Imperial display from the time of the Great Exhibition in 1851 to the end of the Victorian era provide the focus for the book's next three essays. Jeffrey Auerbach begins with that Great Exhibition (returning to the terrain of his The Great Exhibition: A Nation on Display [1999]) and traces forward to the Festival of Empire, held at the rebuilt Crystal Palace in Sydenham in 1911. “The Empire occupied only a relatively small place at the Great Exhibition” (112), he argues, although the exhibition did promote imperial holdings in a range of ways. Later exhibitions, however, culminating with the Festival of Empire, “the grandest imperial celebration ever held in the Crystal Palace” (131), underlined the imperial far more explicitly, and accompanied that more imperial focus with forms of human display absent in the original Crystal Palace.
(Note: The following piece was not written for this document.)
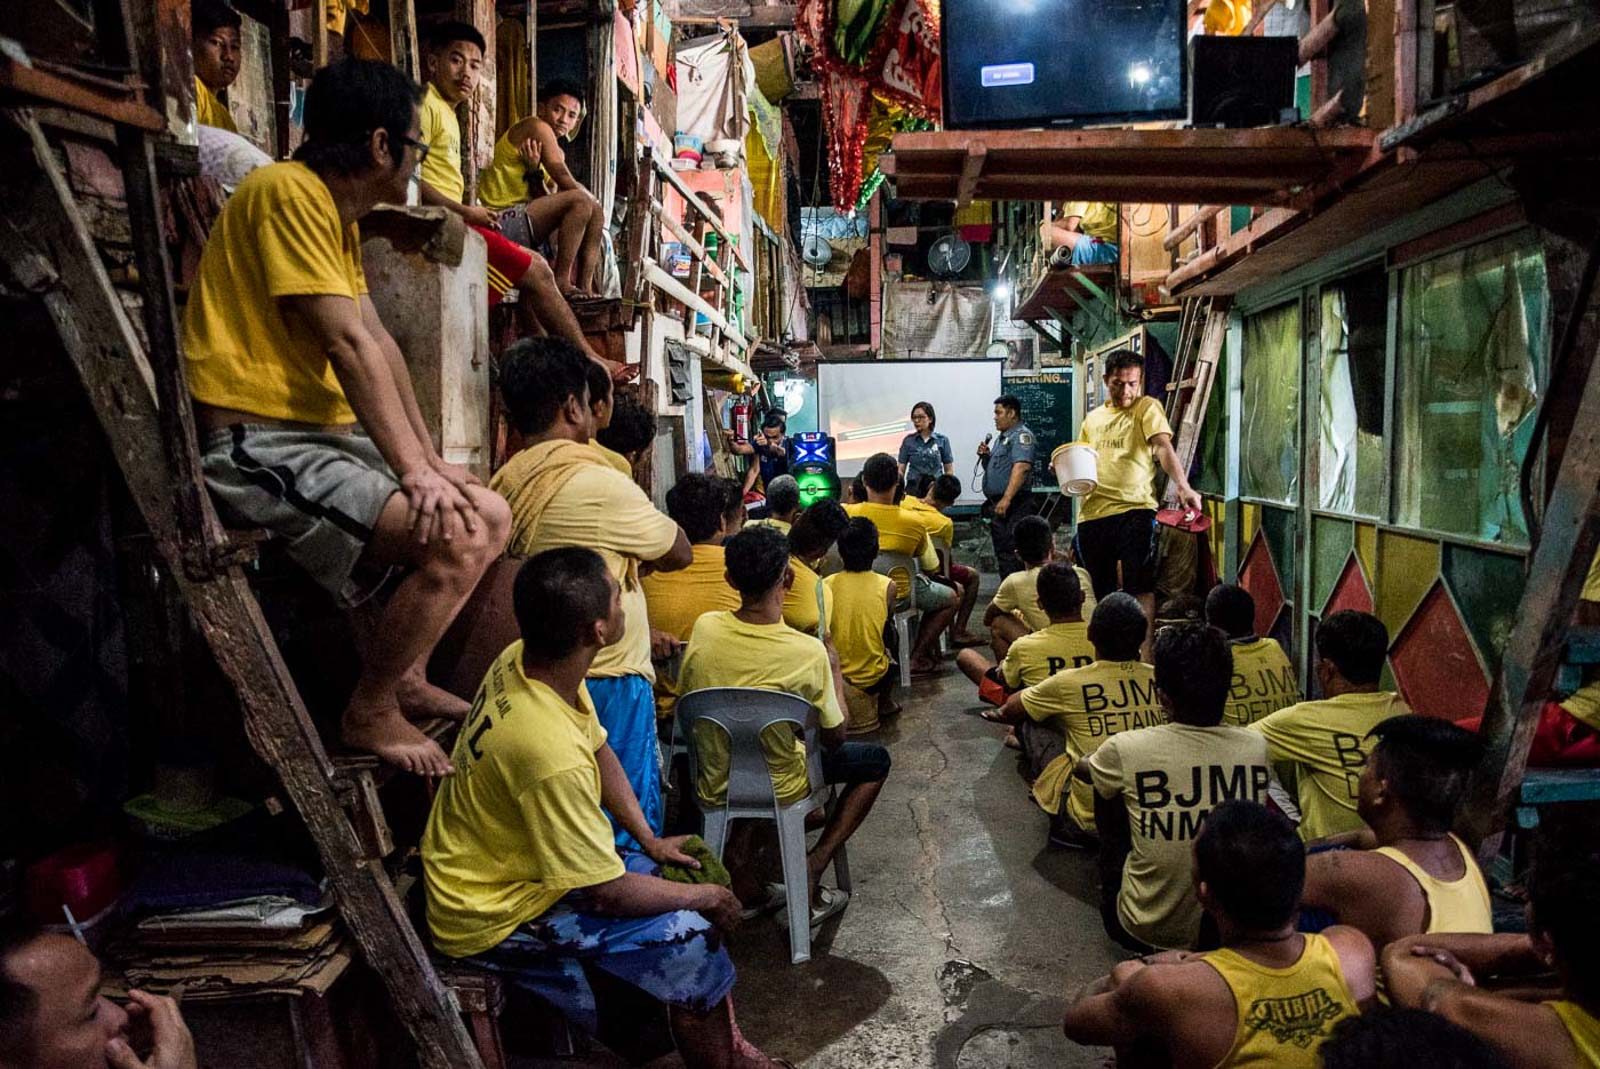 ‘Safer inside’: DILG rejects release of low-level offenders amid coronavirus

Ashley Jackson and David Tomkins, drawing on the Bodleian Library's John Johnson Collection of Printed Ephemera (also the key source for their Illustrating Empire: A Visual History of British Imperialism [2011]), catalog key imperial themes in print ephemera (ranging from leaflets and postcards to advertisements and matchbooks): “veneration of prominent figures” (151); bolt labels “attached to the ends of cotton bolts exported from British mills” (153); depictions of “indigenes as servants, labourers, and producers” (155); “consumer branding” on labels and advertisements (158); and ephemeral materials that “affirm the existence of a distinctly British world” 160). Berny Sèbe seeks to fill in the details of imperial literary production by looking at actual print runs of books, including “imperial geographies” (170), like atlases and descriptive accounts, and books embodying an “imperial ethos” (176), from imperial histories to Rudyard Kipling tales. In closing, Sèbe also attends to the ways in which imperial products were circulated in the empire itself, with publisher Macmillan's supplying of texts for Indian schools.

The closing three chapters evaluate early twentieth-century forms of imperial display. MacKenzie examines the last major durbar in comparison to its predecessors in 1877 and 1903. He concludes: “that of 1911 was genuinely climactic since it most clearly expressed the fantasies of empire” (198), and significantly more spectacular (and expensive) than its predecessors. Nalini Ghuman, against a historiographical tradition of neglect for Elgar's music for imperial occasions (and an undercurrent of scholarship that insists the music was never completed or performed), argues that Elgar's music provided a critical unifying thread to the disparate musical and other displays at the British Empire Exhibition, highlighting “Elgar's central role, in collaboration with Noyes, in generating that unity, in drawing the disparate narratives of imperial expansion together” (239). Ghuman concludes that Elgar's “musical language and performing forces, participates triumphantly in the attempt of the whole British Empire Exhibition to return to a prewar sense of the spectacle of empire” (251). Finally, in another essay on that British Empire Exhibition, Sarah Longair examines the ways in which elites in Zanzibar constructed a historical narrative for the island in the Zanzibar Court and its accompanying handbook, then redeployed the materials for texts and a museum in Zanzibar itself after the exhibition closed.